In my mid-40’s I returned for the first time, after 25 years away, to my hometown of Brockville, Ontario.
On the last day we took a boat tour through the beautiful Thousand Islands. Viewing the city from the water, I was astonished to see its skyline dominated by church spires. At least five lofty spires thrust their points into the blue, like tentpoles holding up a canopy of sky.
One of these spires belonged to my boyhood church, St. Peter’s Anglican. Though I had not become a Christian there, I attended regularly to sing in the boys’ choir, where Sunday after Sunday I was drenched in hymns, anthems, Scripture readings, stained glass, and sacraments. At fourteen I was confirmed there, which meant having the Bishop lay hands on me to be filled with the Holy Spirit. Though I was not ready to receive the Spirit, He certainly touched me. At the time I had no way of understanding the experience (since no one had bothered to teach me!), but after taking my first communion at the altar rail I could hardly walk back down the aisle, so moved, shaken, gently overwhelmed I was.

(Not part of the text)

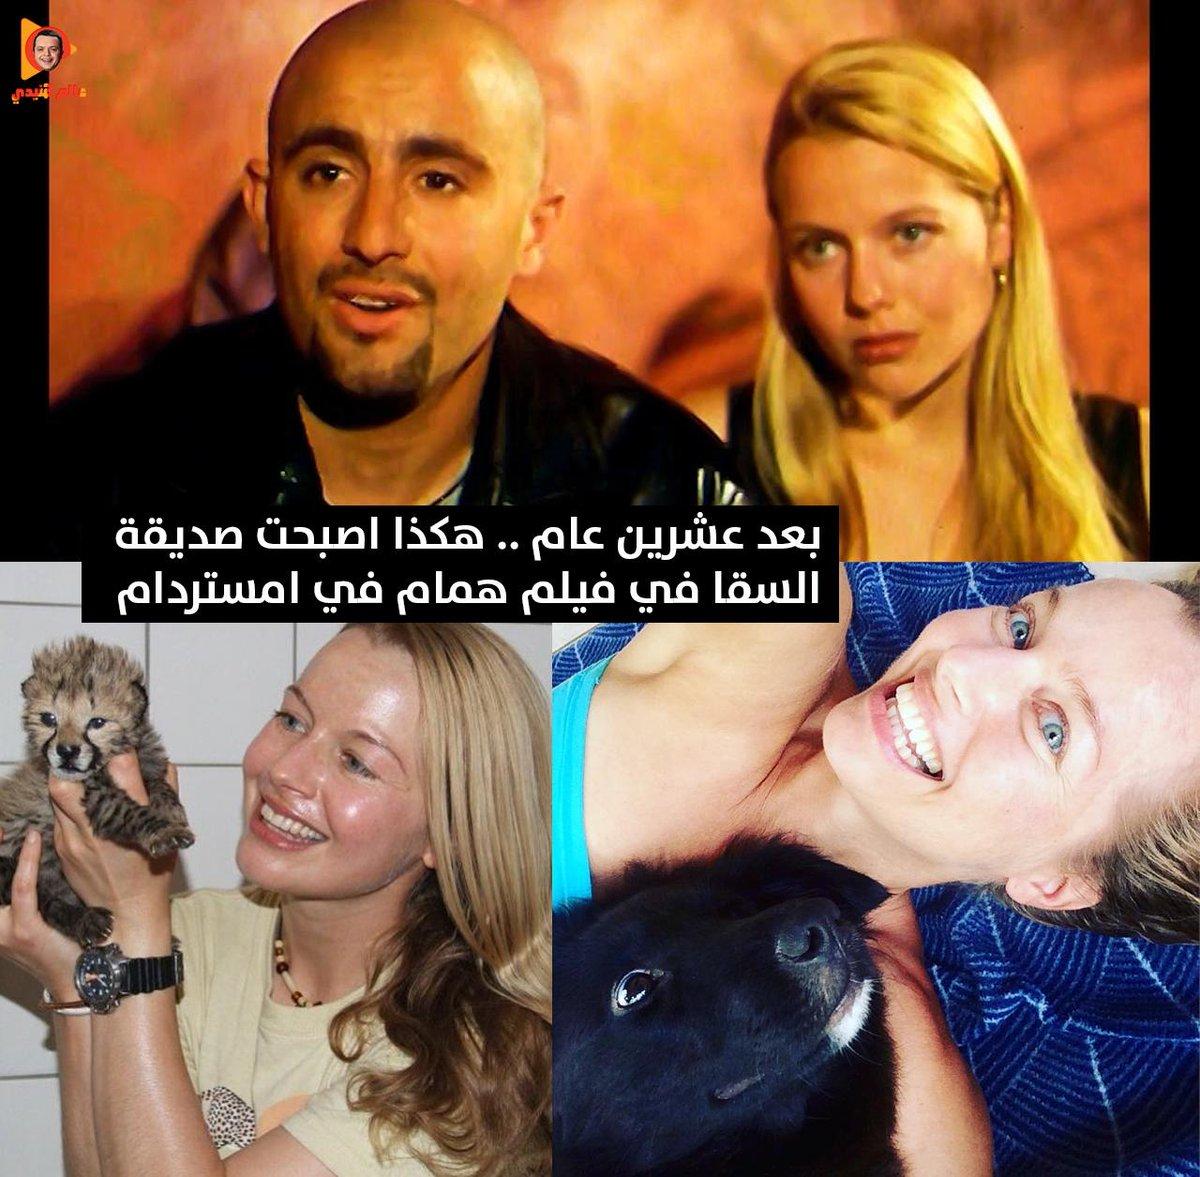 صديقة احمد السقا فى الفيلم

Many years would pass before I met even one person who could tell me the gospel. Nevertheless, as I sat in a boat on the St. Lawrence River and looked upon the church spires of my hometown, so many precious and holy memories came streaming back to me that all at once I saw how God’s grace had been following me all my life from the beginning. All along He had blessed me, watched over me, guided and protected. I saw His hand at work not only through the church, but through my family, friends, neighbors, teachers, and through the awesome natural beauty of this setting in which the zillion wild and unlikely escapades of my youth had taken place.
Before this experience, it had never occurred to me that Jesus was in the business of saving my entire life, not only the latter years but the early ones as well. I hadn’t realized that His power could extend even into what was already over and done, into the dark, secret, chaotic time of childhood and even into the profligate, desperately wasted years of my young aduldhood. I hadn’t known that redemption would be shallow and unreal for me until I let it bring light and hope, not only to my present and future, but to my past.
Reflecting on my personal history from the waterfront of Brockville, I now saw no evil in my past. Having spent decades wishing (either consciously or subconsciously) that my life had somehow been different, I now felt that everything about my upbringing had been perfect. Suddenly all I saw was how goodness and mercy had not merely followed but chased me down the years until finally wrestling me into an embrace.
As the Beatles sang:
There’s nowhere you can be
that isn’t where you were meant to be.
It’s easy to see: All you need is love.